Work to be completed:
Pictures are to be omitted. Output only the lines from the one containing "Enameled sterling silver" through the end of the data, word for word.

Recorded information:
======
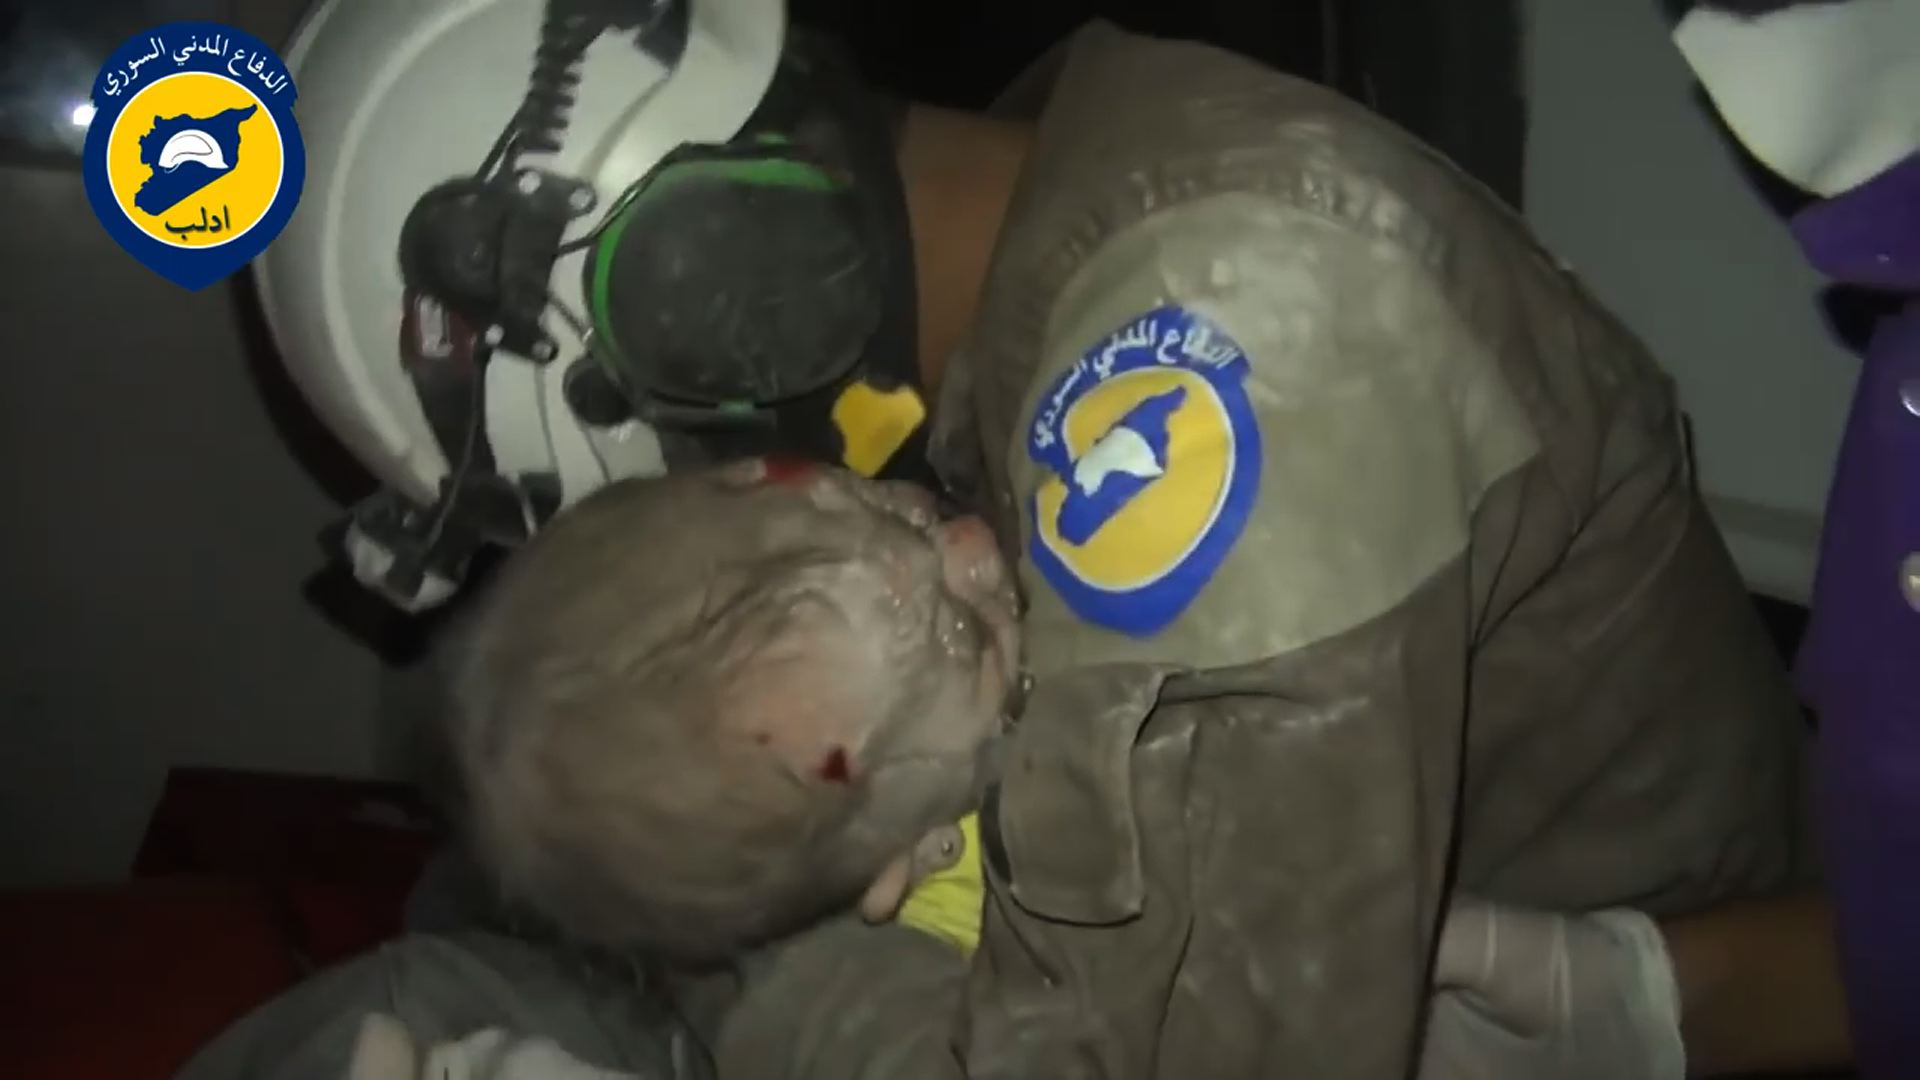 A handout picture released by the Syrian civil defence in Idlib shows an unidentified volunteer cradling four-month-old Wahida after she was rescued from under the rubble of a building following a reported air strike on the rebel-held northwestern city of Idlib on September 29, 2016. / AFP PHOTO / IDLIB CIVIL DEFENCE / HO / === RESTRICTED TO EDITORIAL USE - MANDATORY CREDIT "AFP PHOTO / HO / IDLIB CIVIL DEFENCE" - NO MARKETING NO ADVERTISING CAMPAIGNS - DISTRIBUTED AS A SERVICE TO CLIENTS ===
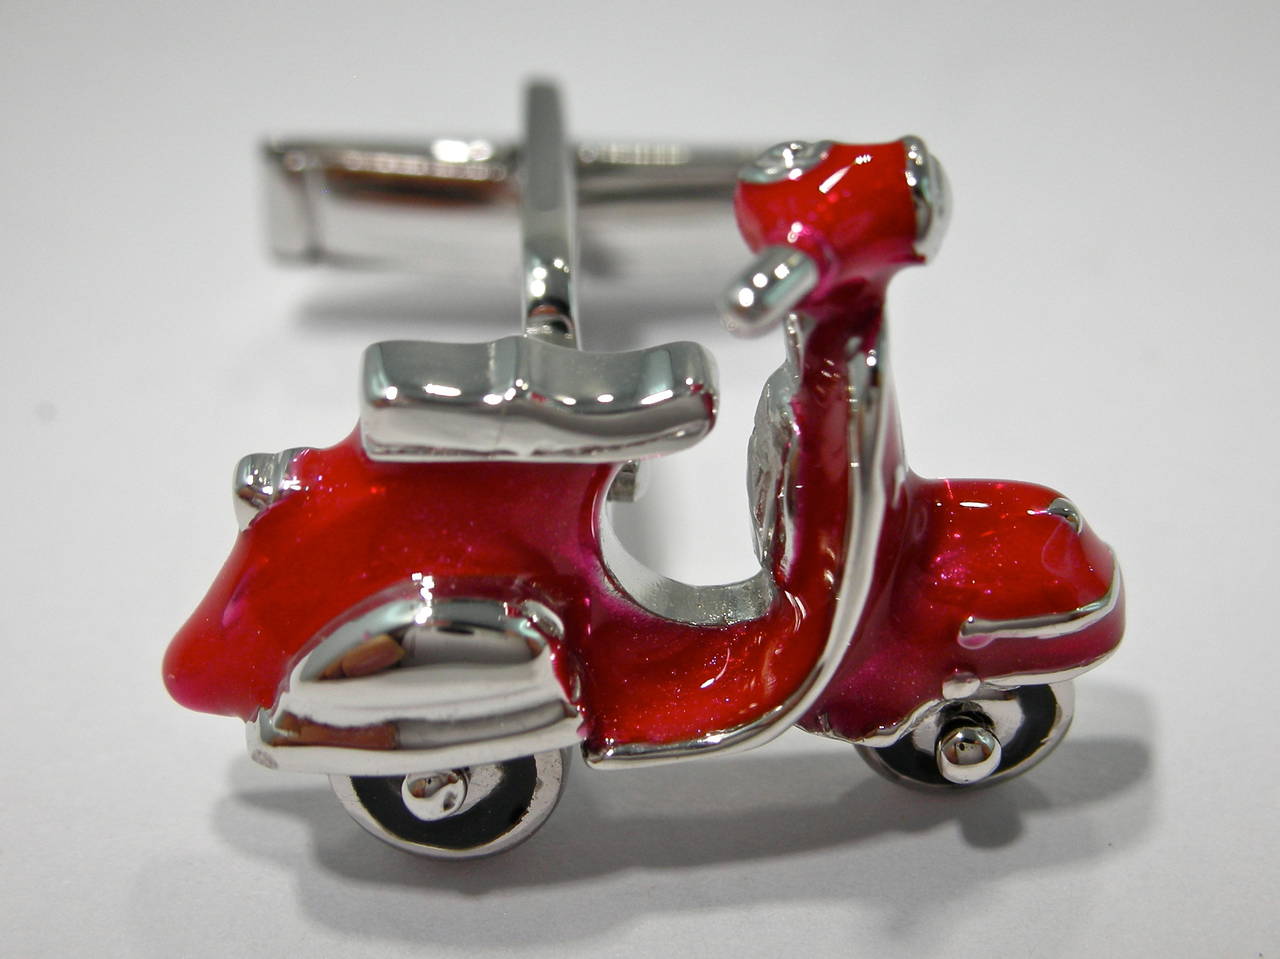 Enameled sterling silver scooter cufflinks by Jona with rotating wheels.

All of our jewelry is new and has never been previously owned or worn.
======
Answer to the problem:
 Enameled sterling silver scooter cufflinks by Jona with rotating wheels.

All of our jewelry is new and has never been previously owned or worn.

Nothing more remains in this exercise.